Het was door het Sloe van Walcheren en door het Kreekrak van Noord-Brabant gescheiden, maar is door de afdamming der Ooster-Schelde met dit laatste verbonden. De spoorweg van Walcheren naar het vaste land loopt door Zuid-Beveland, waar in het belang van de scheepvaart een kanaal is gegraven, om den waterweg langs de Ooster-Schelde te vervangen. Het gedeelte van het oude graafschap Vlaanderen, hetwelk tot Zeeland behoort, wordt ook wel Zeeuwsch Vlaanderen genoemd en droeg tijdens de Republiek als een van de Generaliteitslanden den naam van Staats-Vlaanderen. Men heeft er het kanaal van Ter-Neuzen naar Gent, met een zijtak naar Axel en Hulst. Voorts heeft men er de plaatsen: Oostburg, Aardenburg, Yzendijke, Biervliet en Sas van Gent.

De oudste geschiedenis der bewoners van Zeeland ligt in het duister. Het schijnt, dat dit gewest bij de invallen der Noormannen in de 9de eeuw bewoond was door de Suéven. Later werd het een twistappel tusschen de graven van Holland en die van Vlaanderen. Beiden maakten aanspraak op het bezit en het geschil werd aangewakkerd door den handelsnaijver met betrekking tot de tollen. Zoo ontstonden hevige oorlogen, totdat Zeeland door een verdrag van 1323 aan de graven van Holland werd toegekend.

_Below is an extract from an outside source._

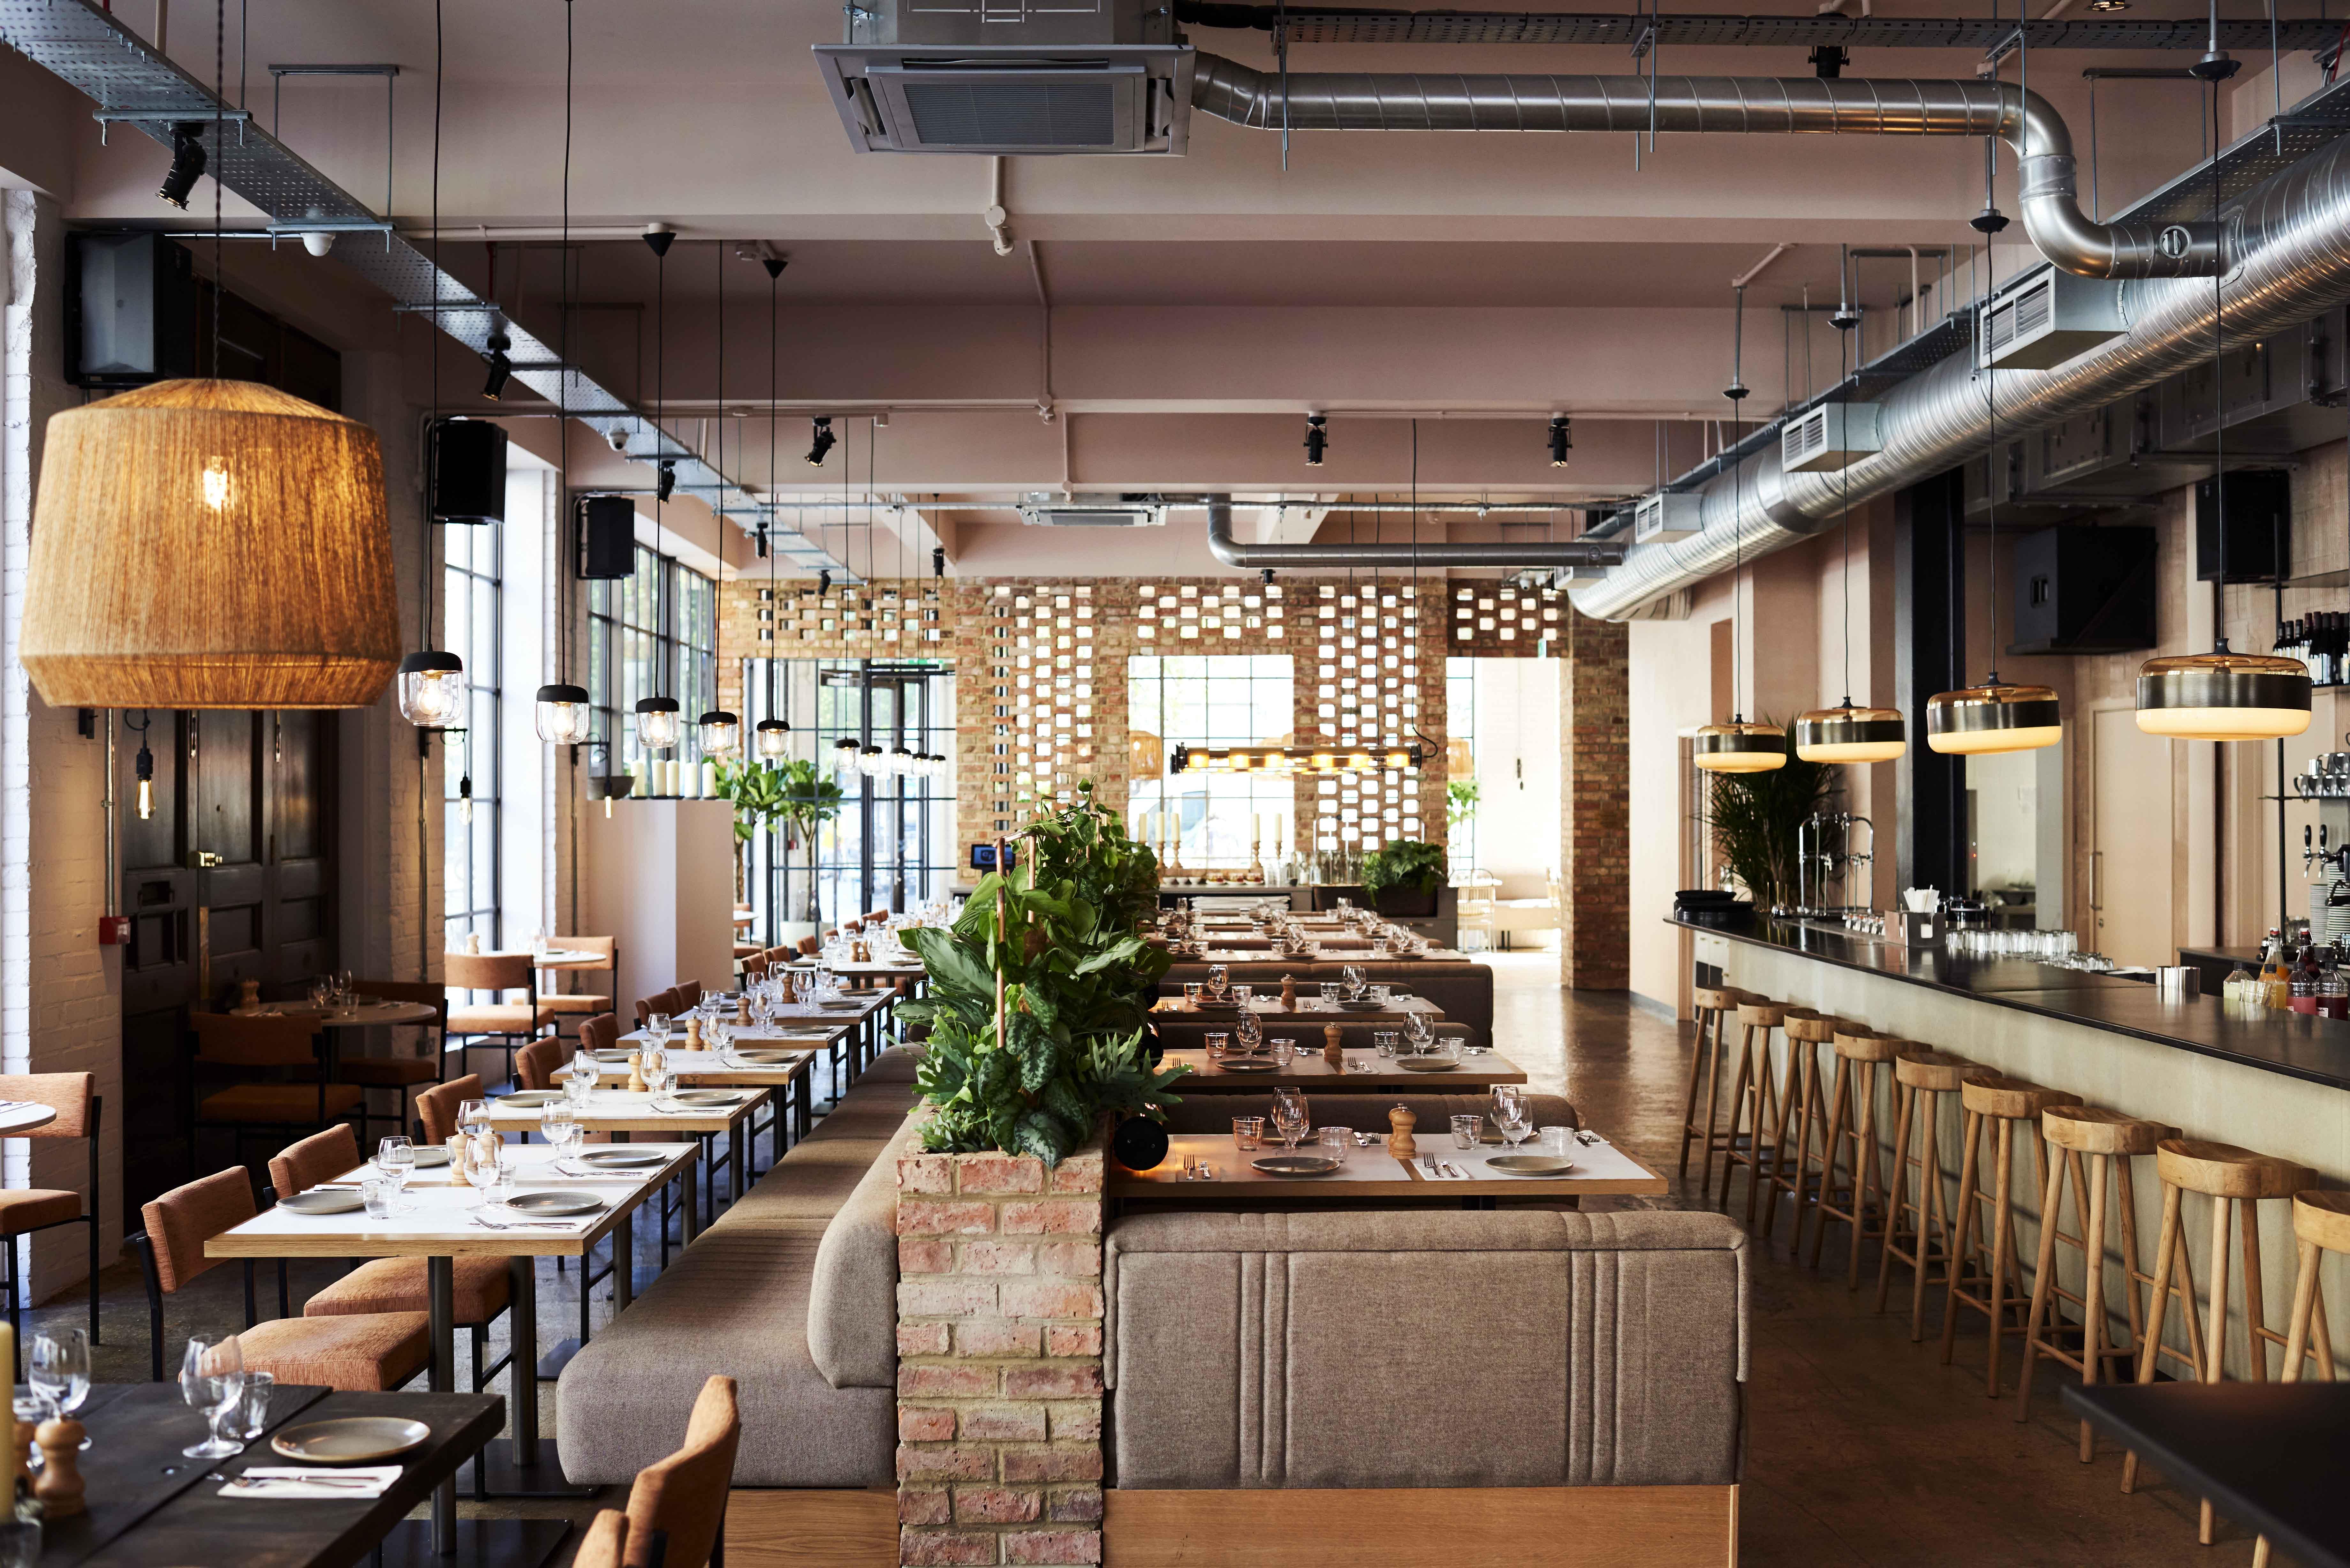 The interior at Caravan Coffee Roasters' new restaurant on Great Portland Street, Fitzrovia, London

Deze hadden zich reeds vóór dien tijd ook graven van Zeeland genoemd. Het was eerst een afzonderlijk graafschap en later eene afzonderlijke provincie, maar steeds op het naauwst met Holland vereenigd. Na de inneming van den Briel in 1572 werd ook door Vlissingen en Veere het Spaansche juk afgeworpen, en de Zeeuwen hebben in onzen onafhankelijkheids oorlog met moed gestreden. Na den Vrede van Munster onderscheidden zij zich door gehechtheid aan het Huis van Oranje, Na het vertrek van Willem V in 1795 werd Zeeland door de Franschen bezet en maakte vervolgens een deel uit van de Bataafsche Republiek, voorts van het Koningrijk Holland, totdat het na den inval der Engelschen in 1809 werd ingelijfd in het Fransche Keizerrijk. Bij de herstelling onzer onafhankelijkheid eindelijk werd het eene provincie van het Koningrijk der Nederlanden.